Idaho Admin. Code r. 16.03.10.524

Current through September 2, 2024
Section 16.03.10.524 - CHILDREN'S DD HCBS STATE PLAN OPTION: PLAN OF SERVICE PROCESS

In collaboration with the participant, the Department must ensure that the participant has one (1) plan of service. This plan of service is developed within the individualized participant budget referred to in Section 522 of these rules and must identify all services. The plan of service must identify services and supports if available outside of Medicaid-funded services that can help the participant meet desired goals. Paid plan development must be provided by the Department, or its contractor, in accordance with Section 316 of these rules.

01.History and Physical. Prior to the development of the plan of service, the plan developer must obtain a current history and physical completed by a practitioner of the healing arts. This is required at least annually or more frequently as determined by the practitioner. For participants in Healthy Connections, the Healthy Connections physician may conduct the history and physical and refer the participant for other evaluations.
02.Plan of Service Development. The plan of service must be developed with the child participant, the participant's decision-making authority, and facilitated by the Department, or its designee. If the participant is unable to attend the family-centered planning meeting, the plan of service must contain documentation to justify the participant's absence. With the decision-making authority's consent, the family-centered planning team may include other family members or participants who are significant to the participant.
03.Requirements for Collaboration. Providers of children's DD HCBS must coordinate with the family-centered planning team as specified on the plan of service.
04.Plan Monitoring. The family-centered planning team must identify the frequency of monitoring, which must be at least every six (6) months and document the plan monitor's name along with the monitoring frequency on the plan. The plan developer is considered the plan monitor and must meet face-to-face with the participant and the participant's decision-making authority at least annually. Plan monitoring includes reviewing the plan of service with the participant and the participant's decision-making authority to identify the current status of services, any barriers to services, and any necessary changes to the plan of service.
05.Provider Status Reviews. The service providers identified in Section 526 of these rules must report the participant's progress toward goals to the plan monitor. The provider must complete a six (6) month and annual provider status review.
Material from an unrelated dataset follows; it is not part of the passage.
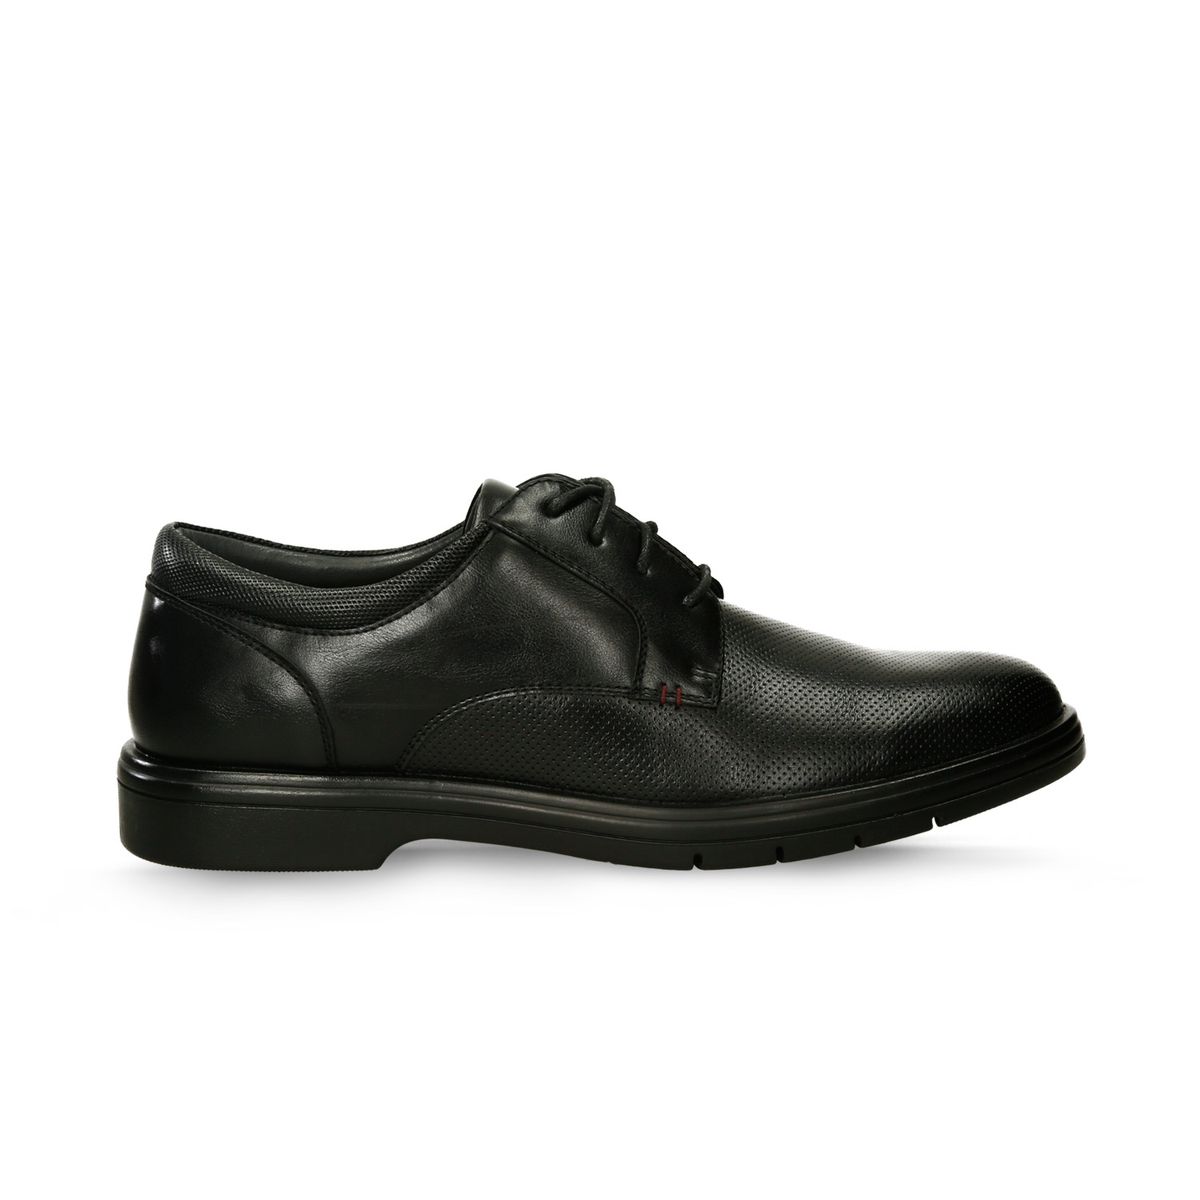 Zapatos Formales Negro Bata Comfit Flexifit Larry Cor Hombre

The six (6) month status review must be submitted thirty (30) days prior to the six (6) month date listed on the plan of service. The annual provider status review must be submitted to the plan monitor forty-five (45) calendar days prior to the expiration of the existing plan of service.
06.Addendum to the Plan of Service. A plan of service may be adjusted during the year with an addendum to the plan and these adjustments must be based on changes in a participant's need and requested by the parent or legal guardian. Adjustment of the plan of service requires the decision-making authority's signature and prior authorization by the Department. The Department will distribute the addendum to the providers involved in the addendum's implementation. Upon receipt by the provider, the addendum must be reviewed, signed, and returned to the Department, with a copy maintained in the participant's record.
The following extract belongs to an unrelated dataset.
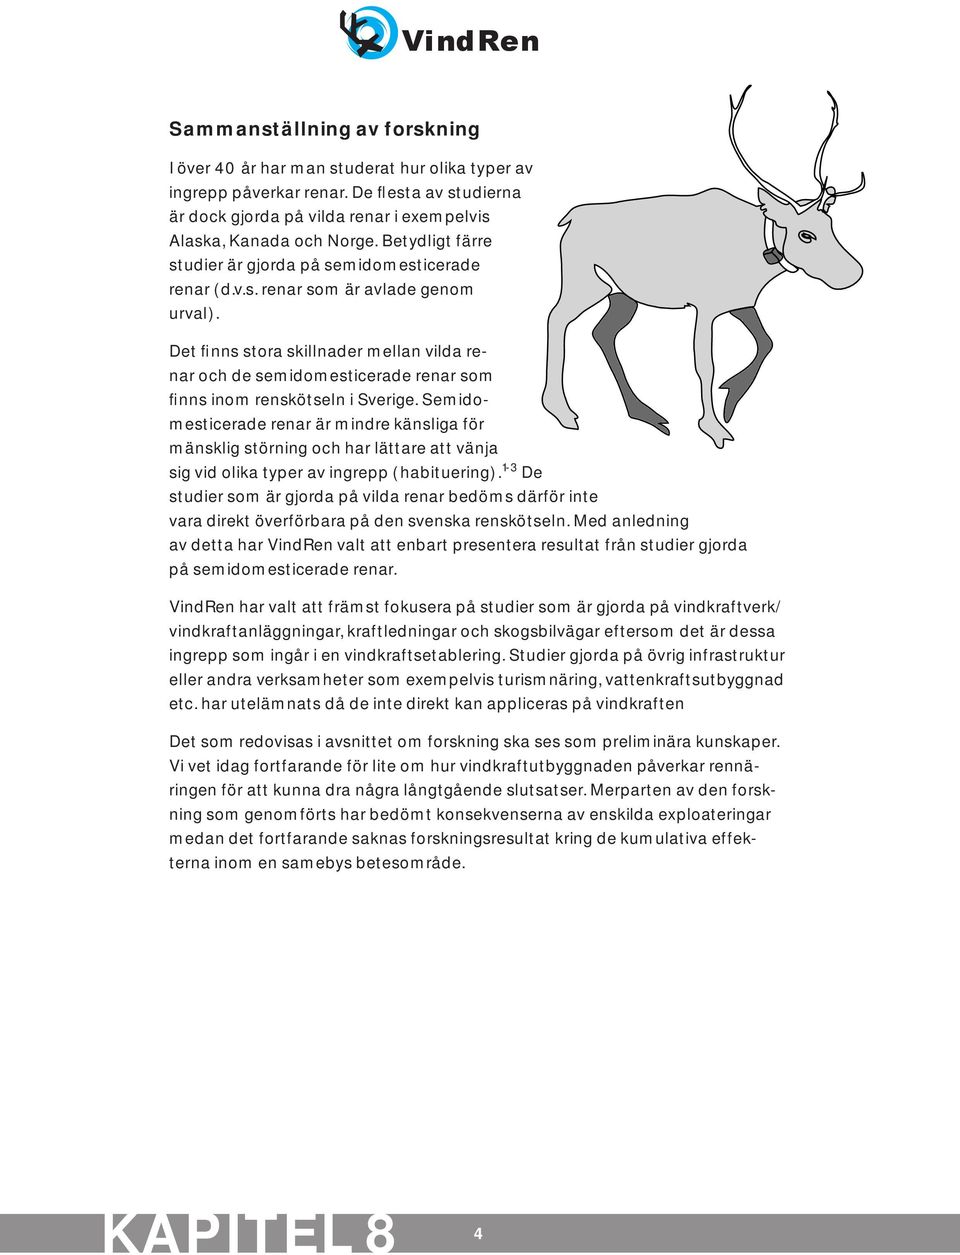 Det finns stora skillnader mellan vilda renar och de semidomesticerade renar som finns inom renskötseln i Sverige.

07.Annual Reauthorization of Services. A participant's plan of service must be reauthorized annually. The Department must review and authorize the new plan of service prior to the expiration of the current plan.
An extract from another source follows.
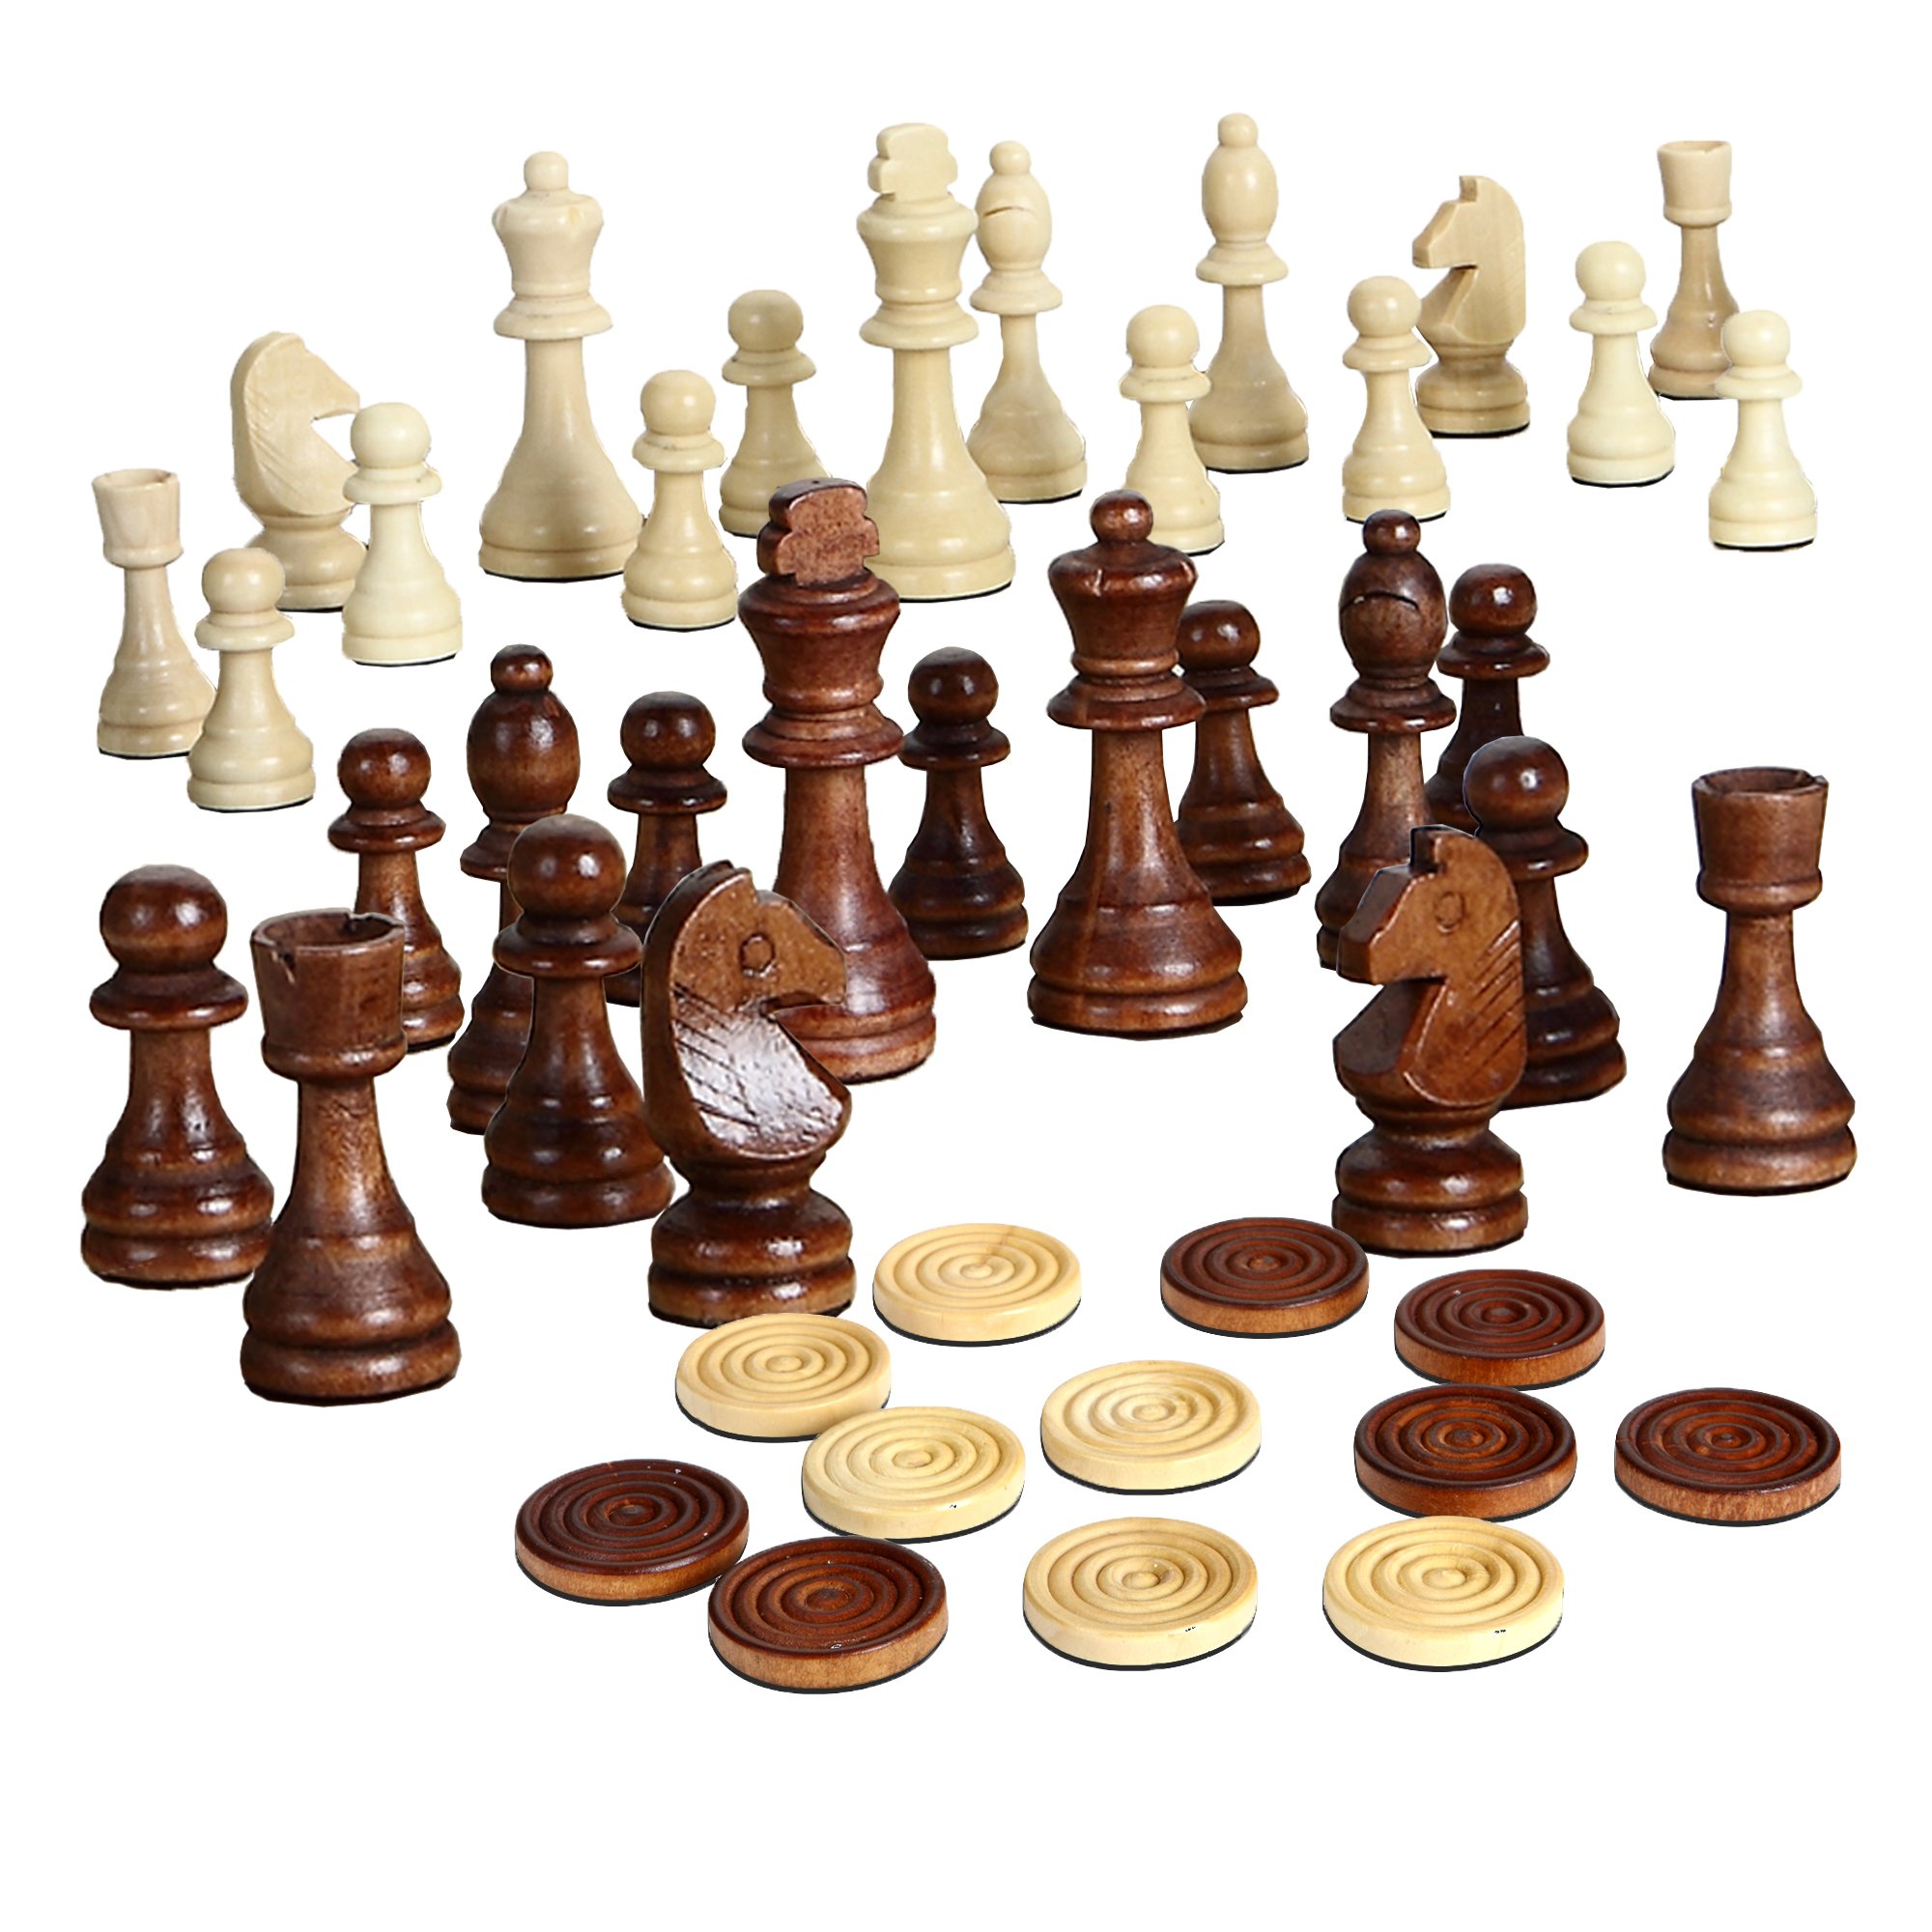 Hathaway Prodigy Wood Chess & Checkers Set Walnut

08.Annual Eligibility Determination Results. An annual determination must be completed in accordance with Section 522 of these rules.
09.Adjustments to the Annual Budget and Services. The annual budget may be adjusted when there are documented changes that may support placement in a different budget category as identified in Section 522 of these rules. Services may be adjusted at any time during the plan year.
10.Reapplication After a Lapse in Service. For participants who are re-applying for service, the assessor must evaluate whether assessments are current and accurately describe the status of the participant.